We used human hepatoma Hep3B/C16 cells as a model to examine the effect of all-trans retinoic acid on the gene expression of hepatitis B surface antigen (HBsAg). Hep3B/C16 is a clonal derivative of human hepatoma Hep3B cell which was stably transfected with HBsAg DNA sequences and can produce hepatitis B virus surface antigen. We analyzed the HBsAg product and mRNA in Hep3B/C16 cells which were exposed to retinoic acid for different periods of time. The level of HBsAg started to increase after 24 h and reached maximum at 48 h of retinoic acid treatment. However, the level of HBsAg expression was severely suppressed compared to the control cells after long term (120 h) retinoic acid treatment. Such biphasic regulation of HBsAg production by retinoic acid was paralleled by the changes of HBsAg mRNA. Nuclear run-on assays also demonstrated that the retinoic acid-mediated regulation was determined at least in part at the transcriptional level. Furthermore, an exposure of the cells to retinoic acid for only 8 h was sufficient to show that up- and down-regulation of HBsAg gene occurred 2 and 5 days later. Using a transient expression system, we demonstrated that the retinoic acid response element is located within the 5'-flanking region of the HBsAg gene.
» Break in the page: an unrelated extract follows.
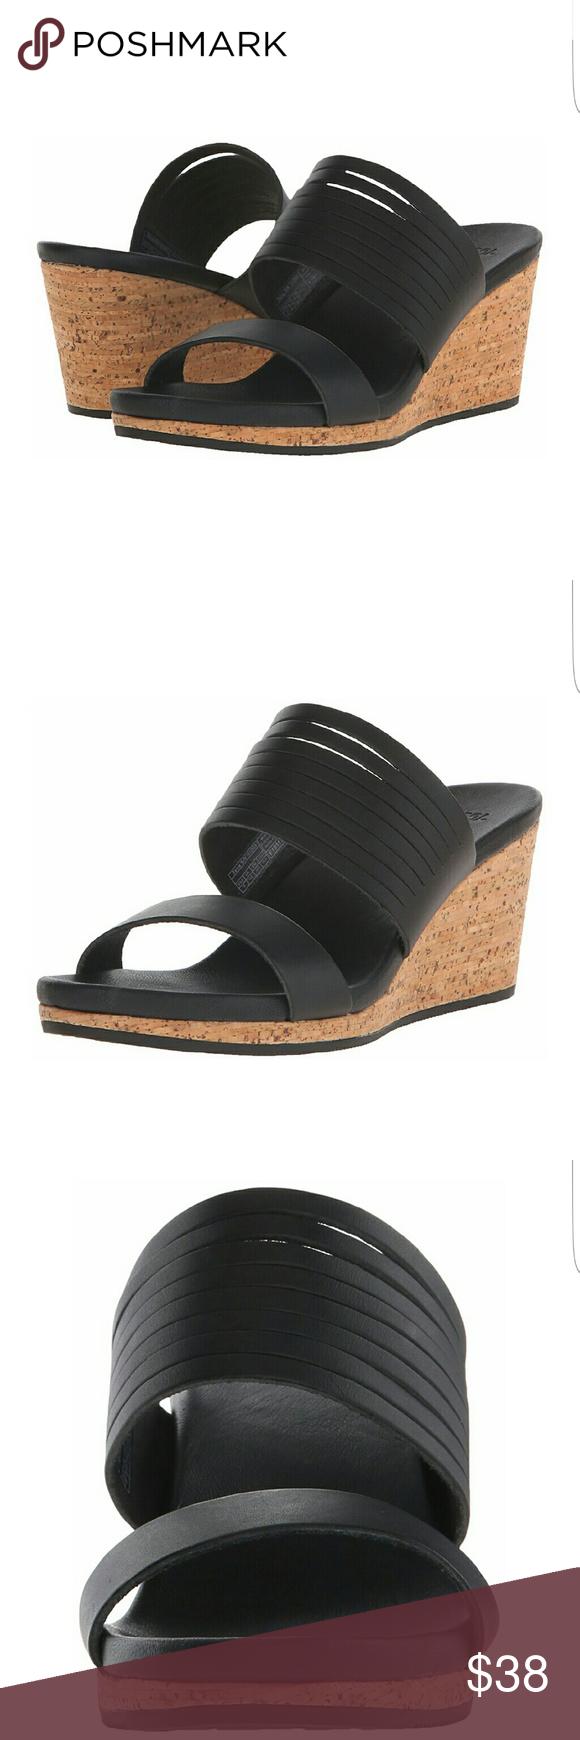 Teva Arrabelle slide Black wedge Teva slides. Teva Shoes Wedges
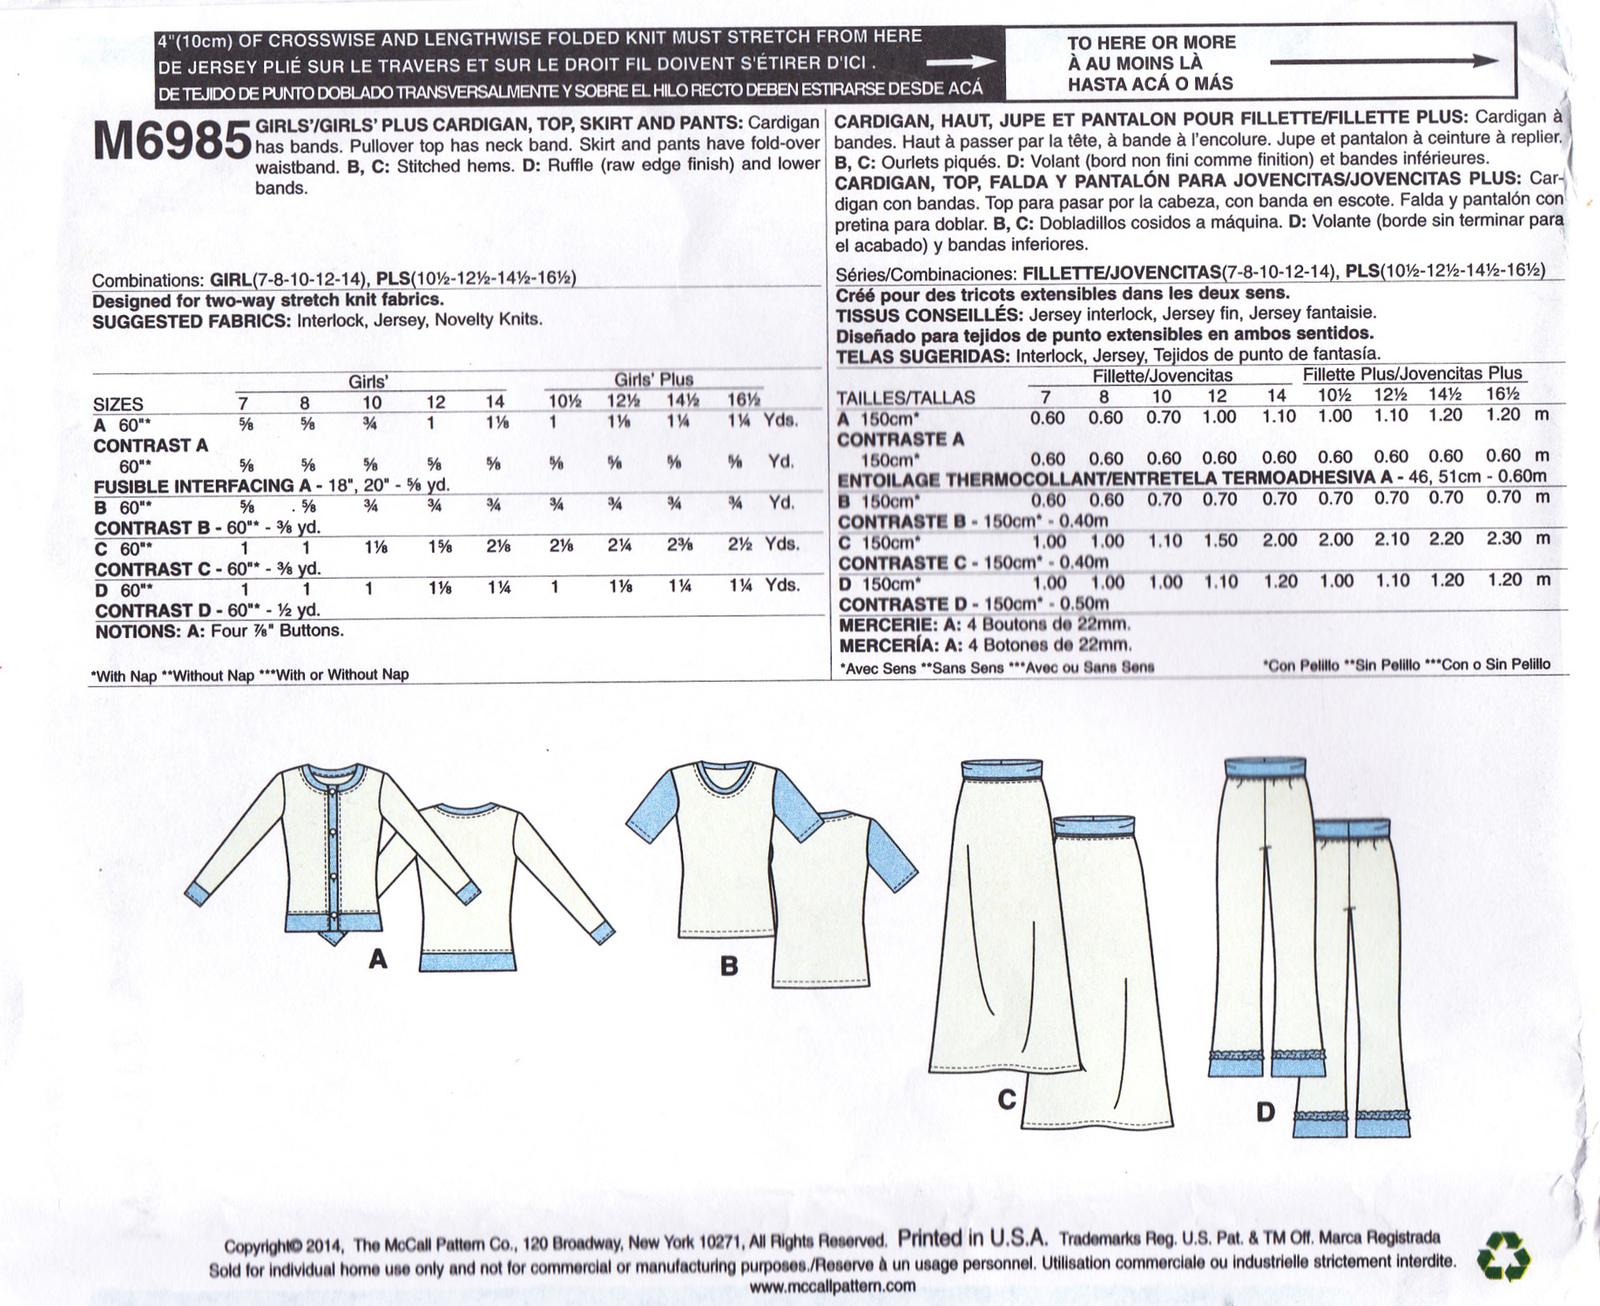 McCall's M6985 Girls Top Skirt Pants Cardigan Sewing Pattern Children Sizes 7-14

我们使用人肝癌Hep3B/C16细胞作为模型,来研究全反式维甲酸对乙型肝炎表面抗原(HBsAg)基因表达的影响。Hep3B/C16是人肝癌Hep3B细胞的克隆衍生物,其被稳定转染了HBsAg DNA序列,能够产生乙型肝炎病毒表面抗原。我们分析了在不同时间段暴露于维甲酸的Hep3B/C16细胞中的HBsAg产物和mRNA。维甲酸处理24小时后,HBsAg水平开始升高,并在48小时达到最大值。然而,长期(120小时)维甲酸处理后,与对照细胞相比,HBsAg表达水平受到严重抑制。维甲酸对HBsAg产生的这种双相调节与HBsAg mRNA的变化平行。核转录分析也表明,维甲酸介导的调节至少部分是在转录水平上确定的。此外,细胞仅暴露于维甲酸8小时就足以表明,在2天和5天后发生了HBsAg基因的上调和下调。使用瞬时表达系统,我们证明维甲酸反应元件位于HBsAg基因的5'侧翼区域内。